The first project I write in any new language is usually a guess-the-number game, a die roller, or an RPN calculator, then I start collecting those and other toys and utilities into a single "main menu" program, and use that to drive me to develop my libraries, play with different algorithms. Occasionally it's useful, mostly it's just a pile of stuff.
The Scheme version has a couple useful things. I was mostly thinking about old BASIC games, so it's "BasicSS" (SS being the Chez Scheme file extension, not anything more nautical or sinister).
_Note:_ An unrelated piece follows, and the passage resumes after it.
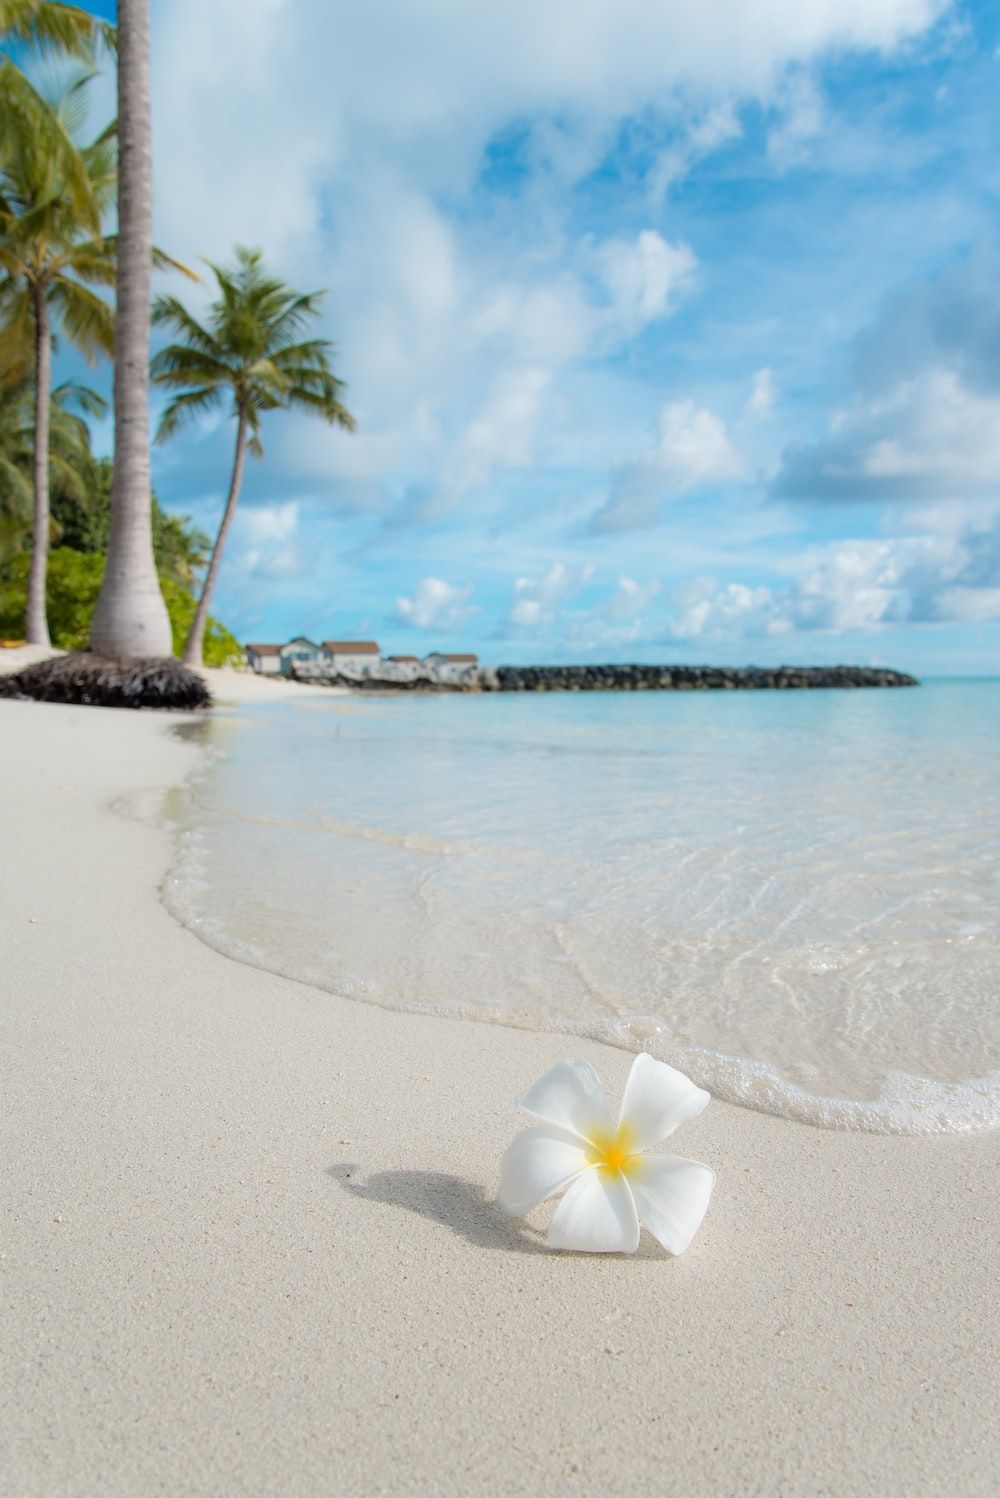 A white flower on the beach with palm trees - Tropical

I wrote a fairly malevolent wordsearch generator in the process of testing some file parsing, so here's one for 20 programming languages. I can tell you that B, C, C#, and D are not in my list. I'm doubtful that anyone can find all of them, or even half.
Hangman depends on /usr/share/dict/words
, 235,886 lines on my system, which is very unfair:
#______
# |
# ---
# \ (o o) /
# \ --- /
# \ X /
# \X/
# X
# X
# / \
# / \
#
Word: TE---EN--
Guesses: E, T, A, O, I, N, B, R, S
YOU LOSE! You have been hung.
The word was TEMULENCY.
Seabattle ("you sunk my…") sucks, it just picks targets at random; teaching it some AI would help.
Hurkle, like all the early-'70s "find a monster on a grid" games, is awful, but the map display makes it a little easier to track your shots. "The Hurkle is a Happy Beast" by Theodore Sturgeon is one of his 10% good stories, but it provides only a little context.
Some of this I can release source for, some I probably shouldn't, so it's just a binary for now.